Werther Santana|Estadão
Werther Santana|Estadão

Governo muda prazo em lei que desobriga reembolso de eventos e serviços adiados pela pandemia

Medida provisória nº 1.036, focada em cultura e turismo, coloca o dia 31 de dezembro de 2022 como prazo final para a realização de um novo evento ou serviço e uso de créditos devidos

Redação, O Estado de S. Paulo

18 de março de 2021 | 08h29

Empresas e prestadores de serviços nas áreas de cultura e turismo que adiarem seus eventos ou serviços por causa da pandemia da covid-19 até o dia 31 de dezembro de 2021 não vão precisar reembolsar os consumidores desde que o evento seja remarcado ou que seja oferecido um crédito para as pessoas usarem em outros eventos ou serviços - a data limite, em ambos os casos, é 31 de dezembro de 2022. A decisão consta da medida provisória nº 1.036, publicada no Diário Oficial desta quinta-feira, 17, e que altera a Lei nº 14.046, de 20 de agosto de 2020. A lei já previa a remarcação e o crédito, mas no prazo de 12 meses contados a partir do fim do estado de calamidade pública.

O texto diz ainda que o valor recebido deverá ser restituído ao consumidor até o dia 31 de dezembro de 2022 “somente na hipótese de ficar impossibilitado de oferecer a remarcação dos serviços ou a disponibilização de crédito referidas nos incisos I e II do caput”.

O mesmo vale para artistas, palestrantes ou outros profissionais detentores do conteúdo, contratados até 31 de dezembro de 2021, que forem impactados por adiamentos ou por cancelamentos de eventos em decorrência da pandemia da covid-19, incluindo shows, rodeios, espetáculos musicais e de artes cênicas, e os profissionais contratados para a realização desses eventos. Eles não terão a obrigação de reembolsar imediatamente os valores dos serviços ou cachês, desde que o evento seja remarcado, respeitada a data-limite de 31 de dezembro de 2022 para a sua realização. Se não prestarem o serviço até esta data, eles deverão restituir o valor atualizado monetariamente pelo IPCA.
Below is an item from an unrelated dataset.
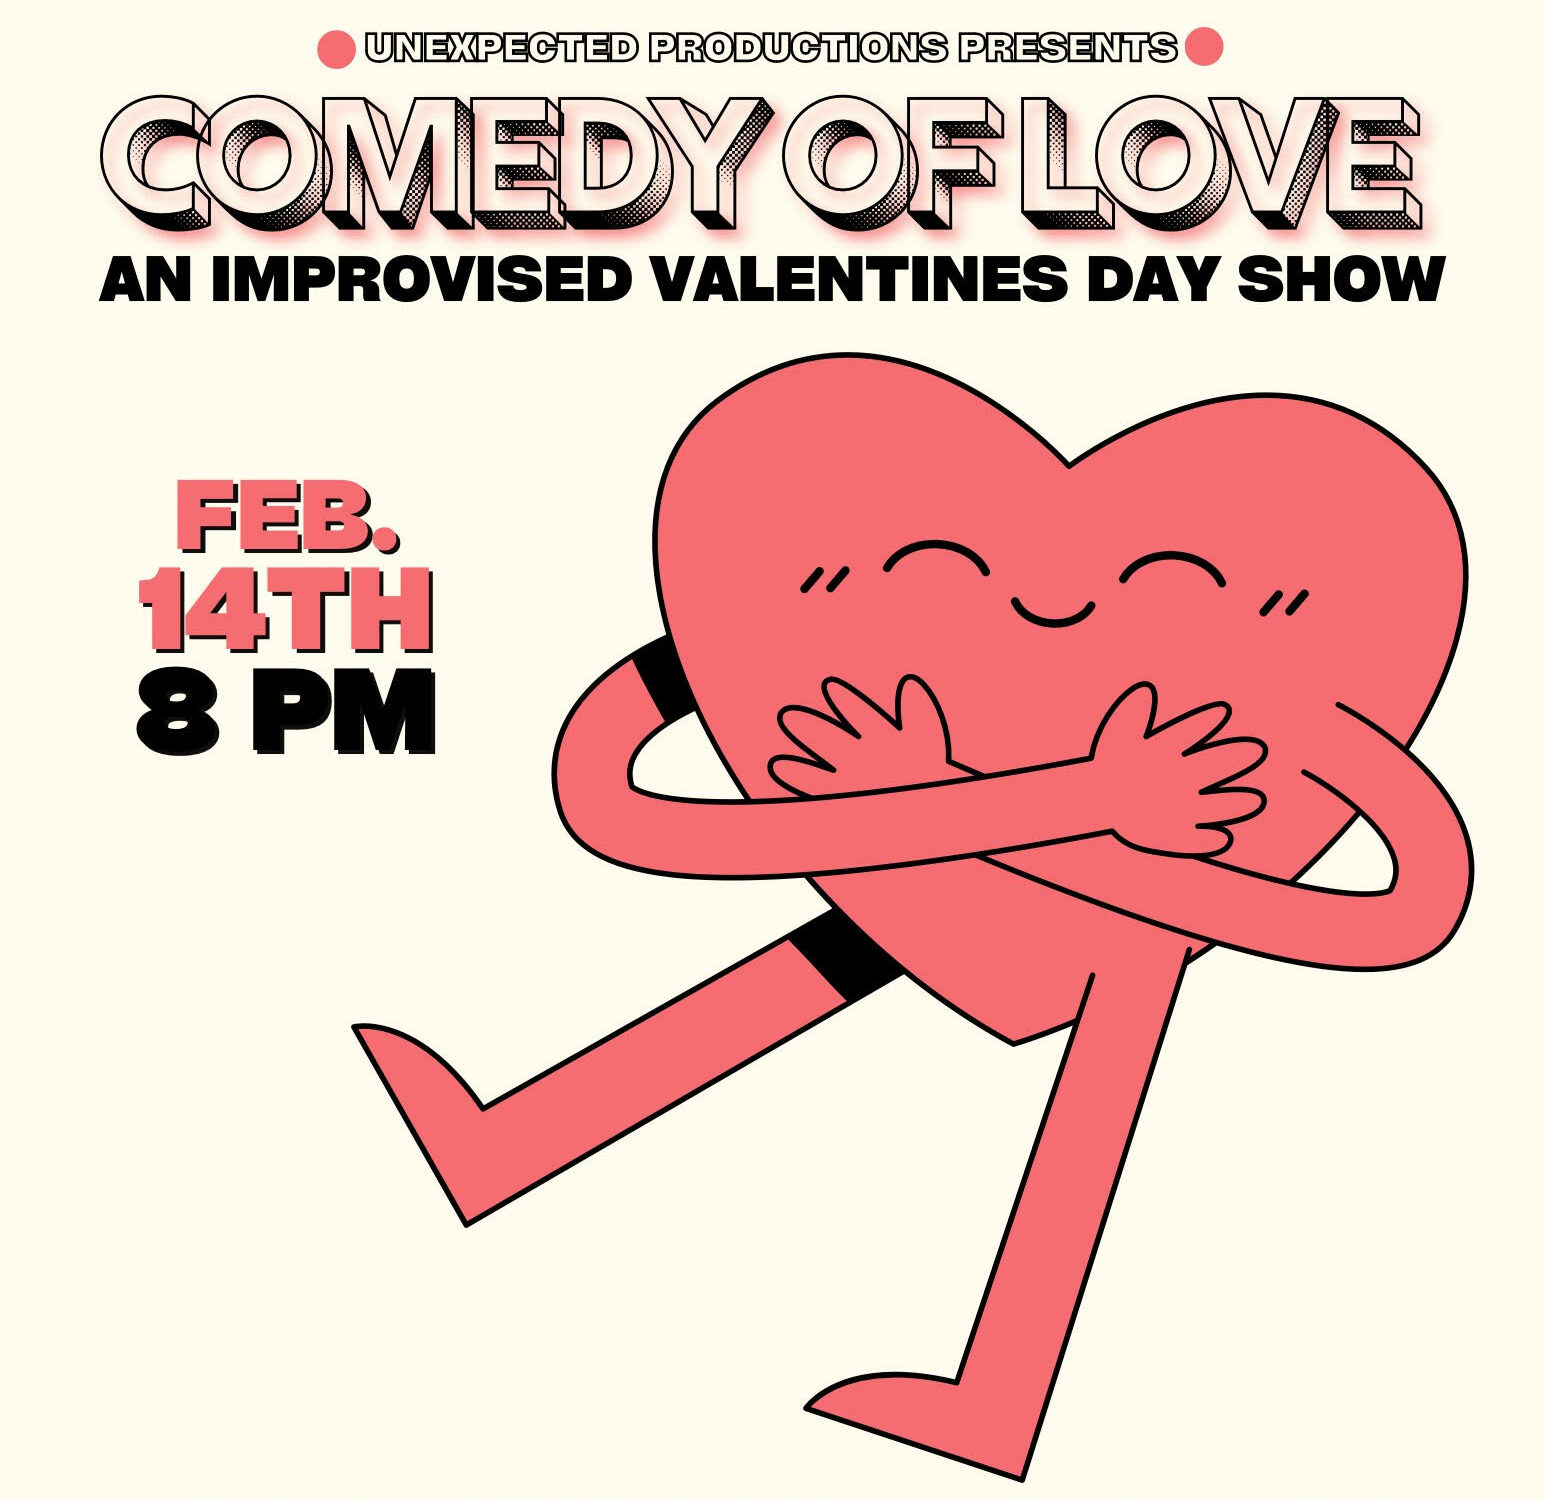 Comedy of love flyer for unexpected productions in seattle
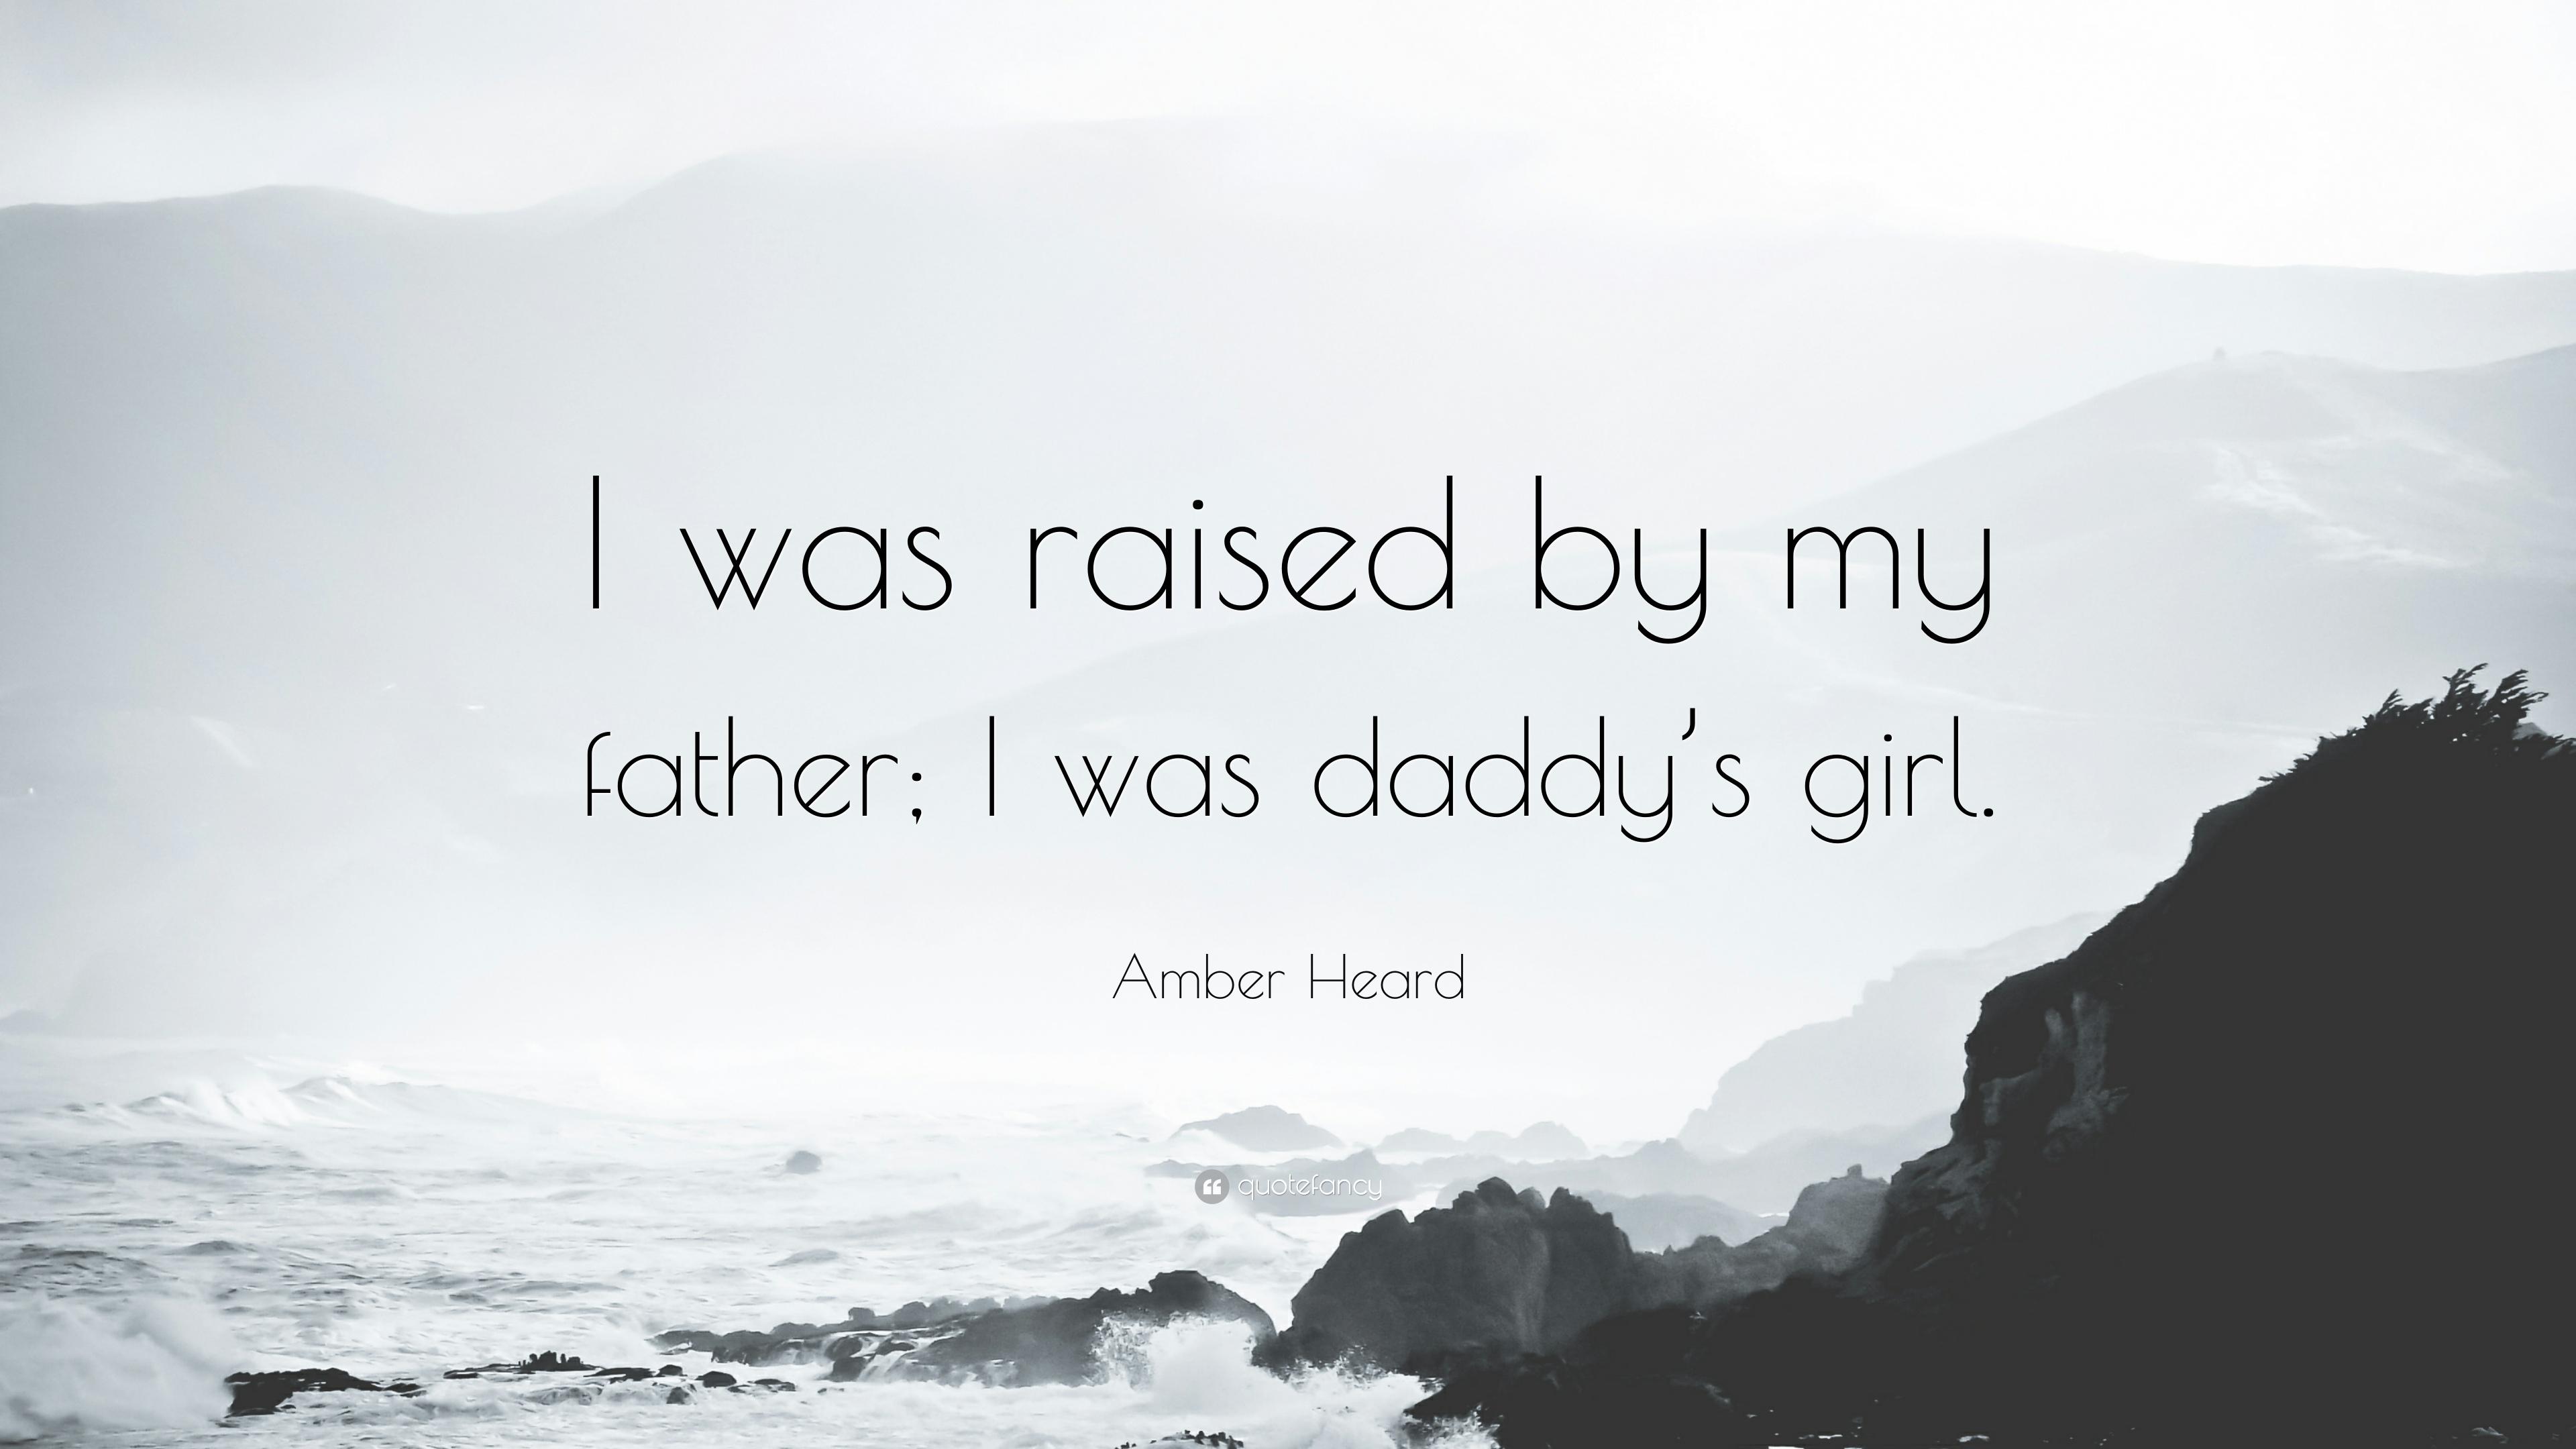 Amber Heard Quote: “I was raised by my father; I was daddy's girl

Serão anuladas as multas por cancelamentos dos contratos que tenham sido emitidas até 31 de dezembro de 2021, na hipótese de os cancelamentos decorrerem das medidas de isolamento social adotadas para o combate à pandemia da covid-19. O texto anterior também atrelava essa questão à vigência do estado de calamidade pública.

A medida provisória entra em vigor na data de sua publicação e foi assinada pelo presidente Jair Bolsonaro.